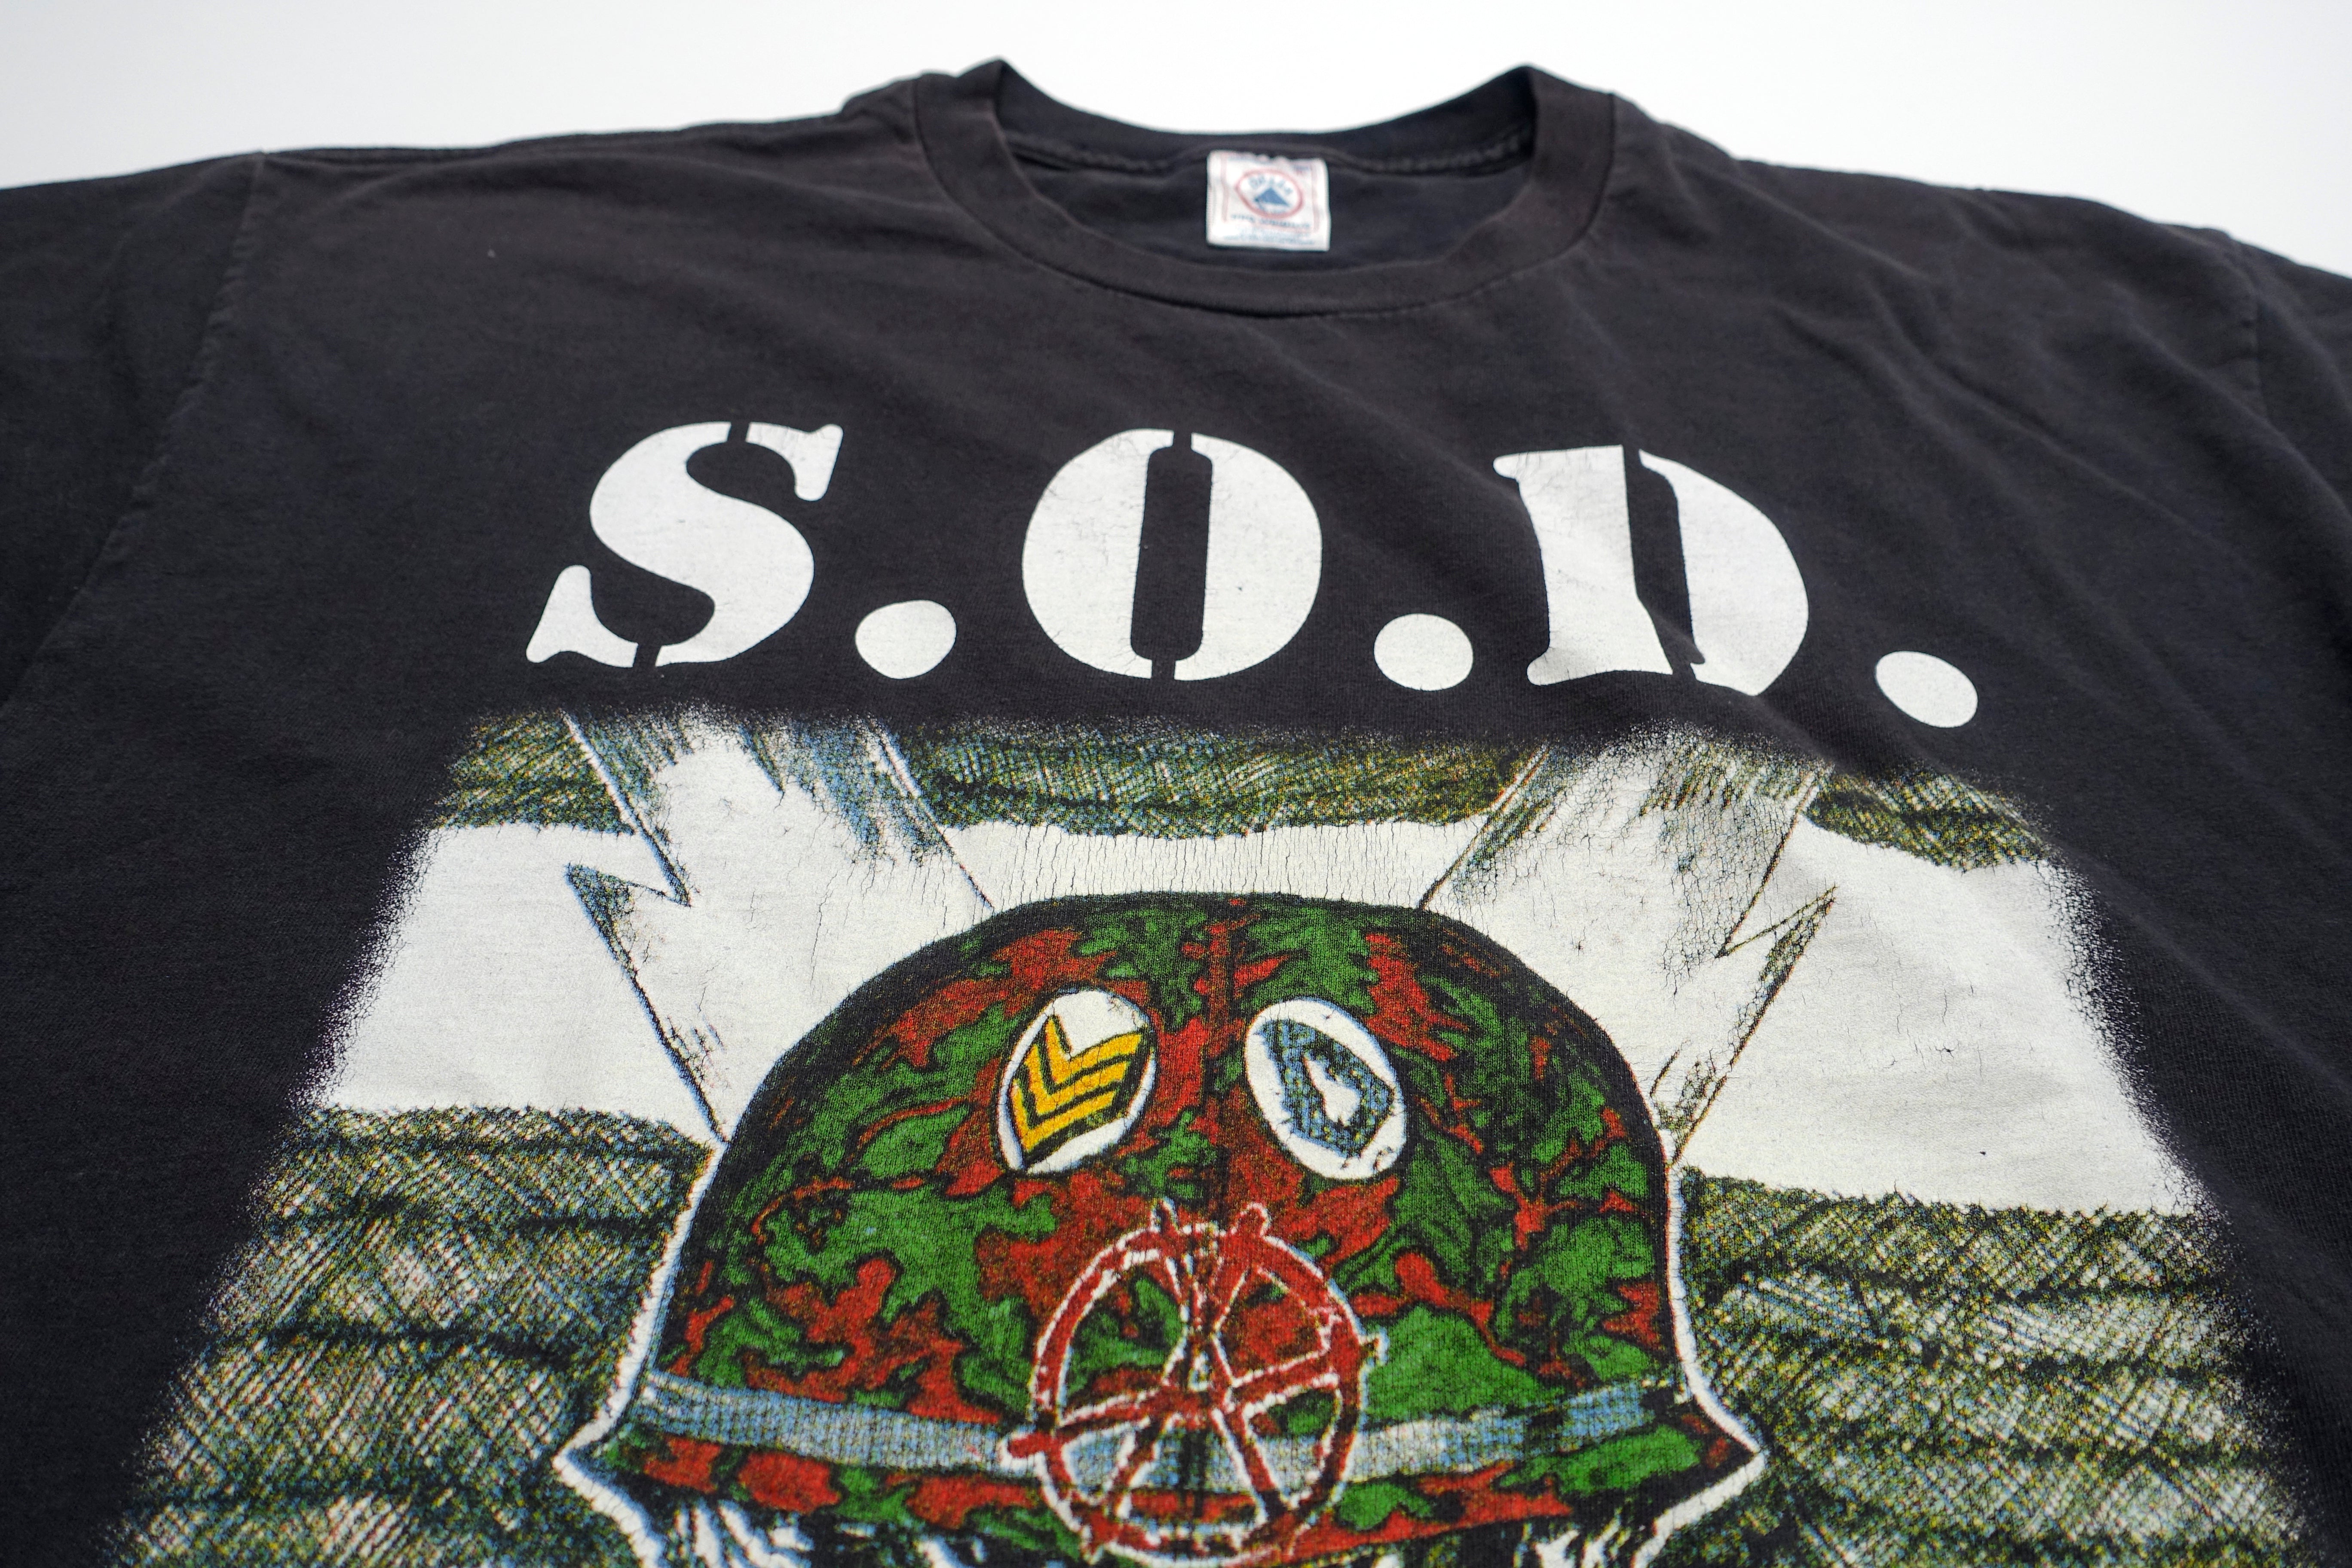 S.O.D. - Speak English Or Die 90's Tour Shirt Size XL
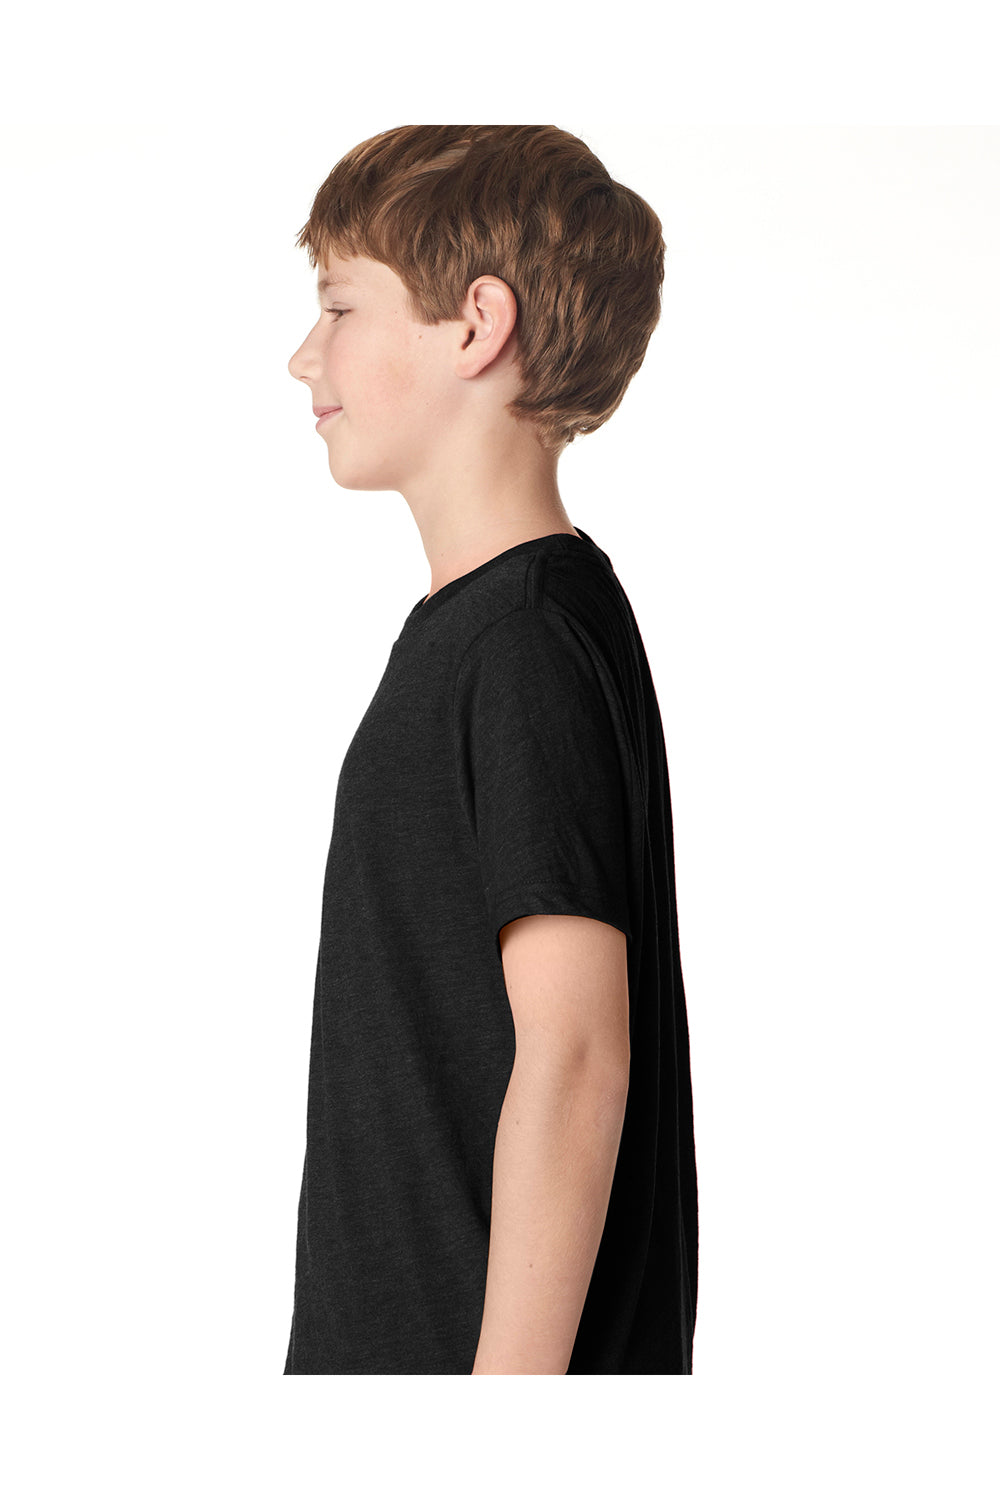 Next Level N6310 Youth Jersey Short Sleeve Crewneck T-Shirt Black Side
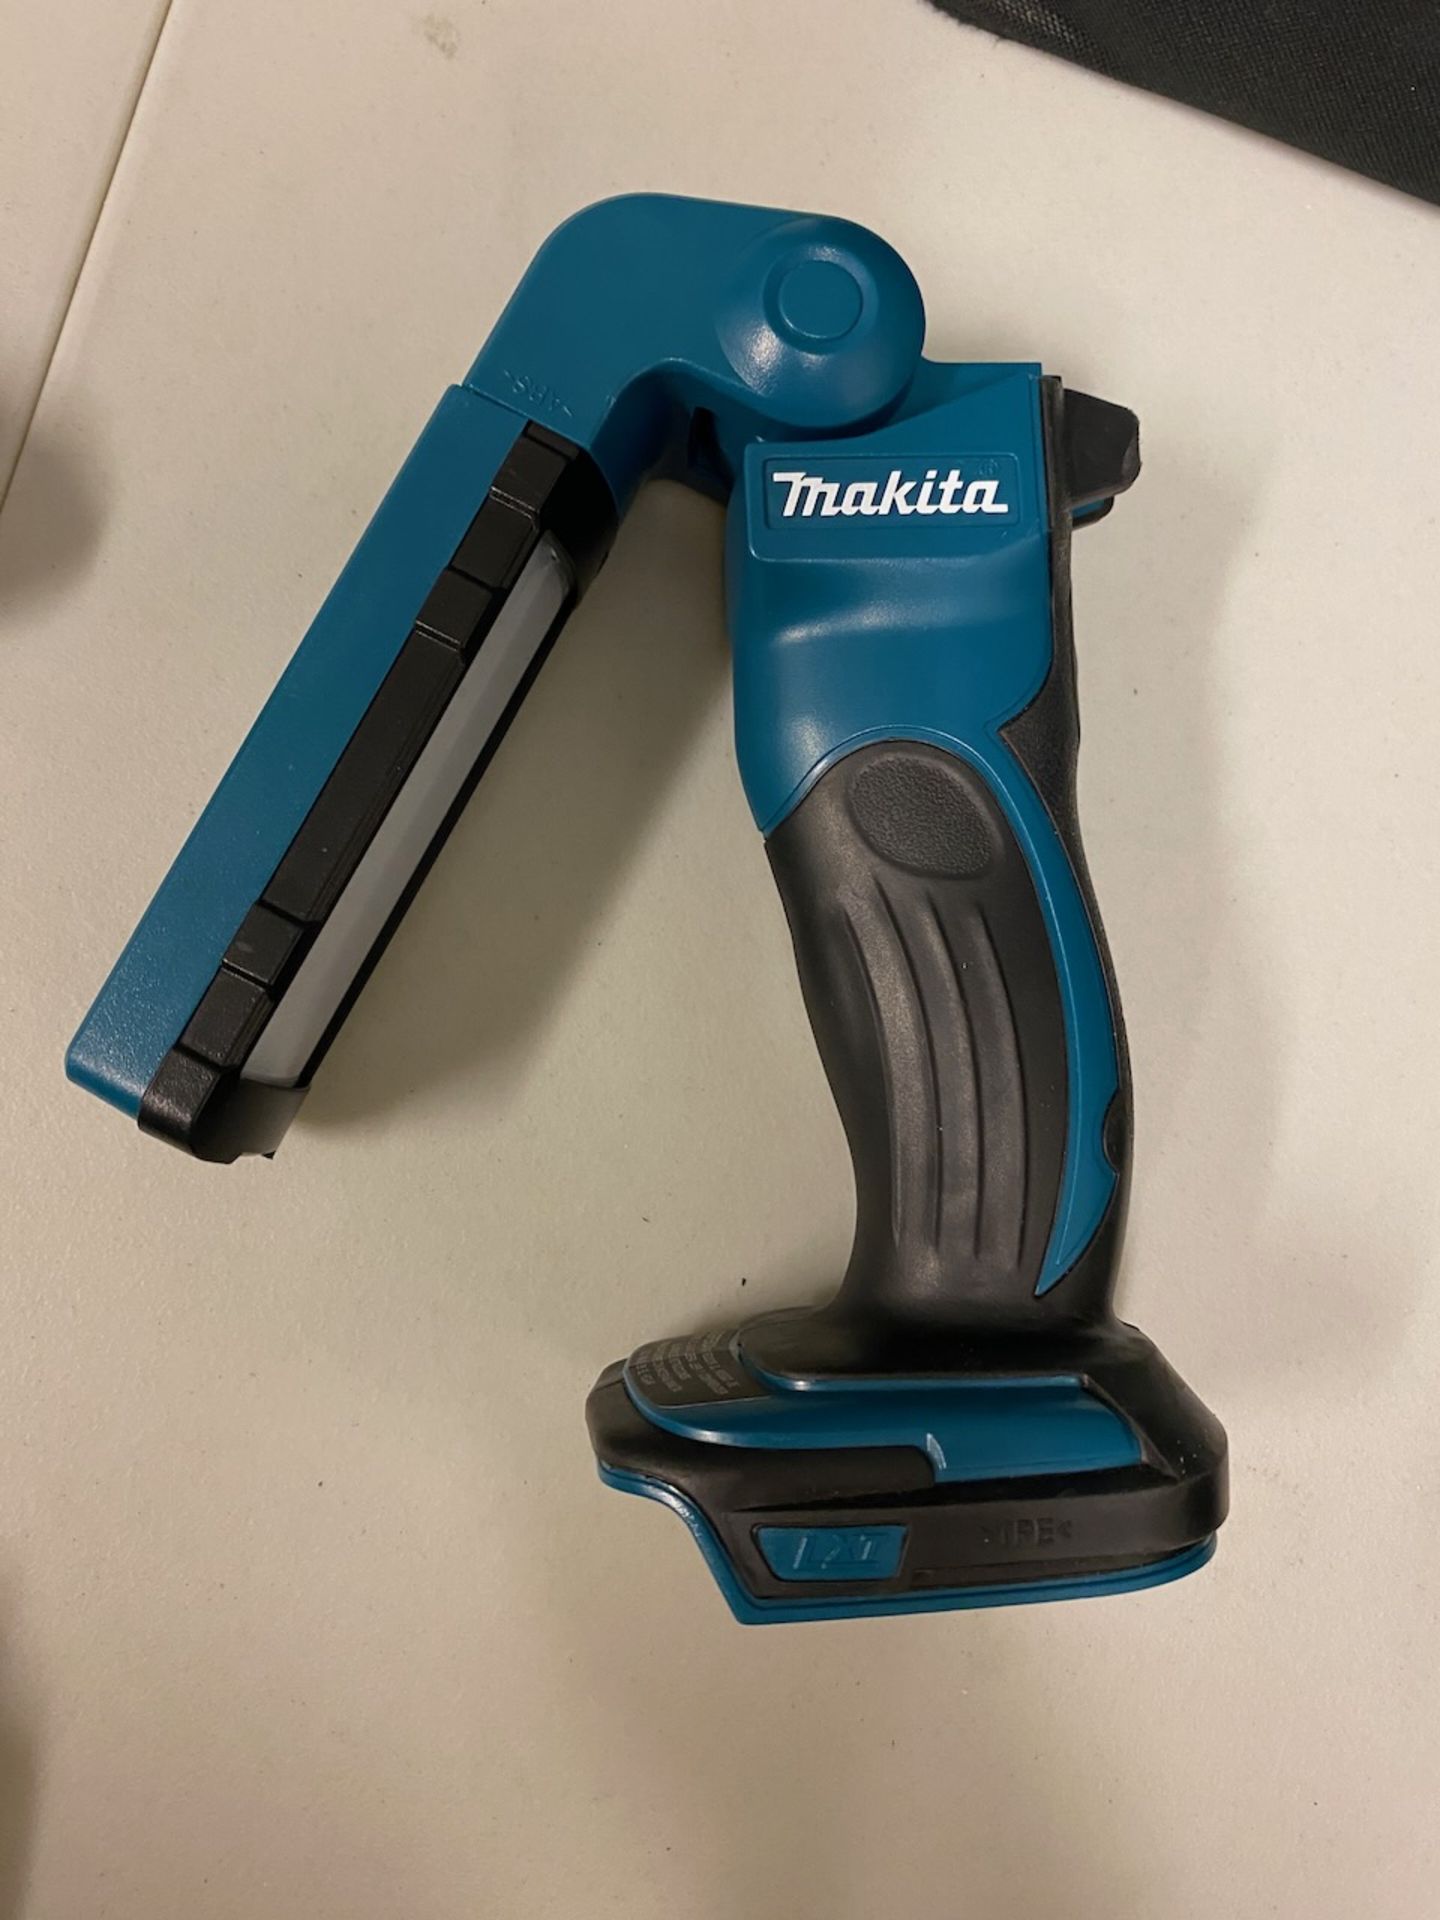 Makita lithium ion tool kit - Image 8 of 9
* * * * * * * * *
● **WHAT YOU ARE ASKED TO DO**: In the data above, find the line containing "Next Level N6310", then output it and every later line exactly, without the pictures.

● **EXERCISE RESULT**:
 Next Level N6310 Youth Jersey Short Sleeve Crewneck T-Shirt Black Side
 Makita lithium ion tool kit - Image 8 of 9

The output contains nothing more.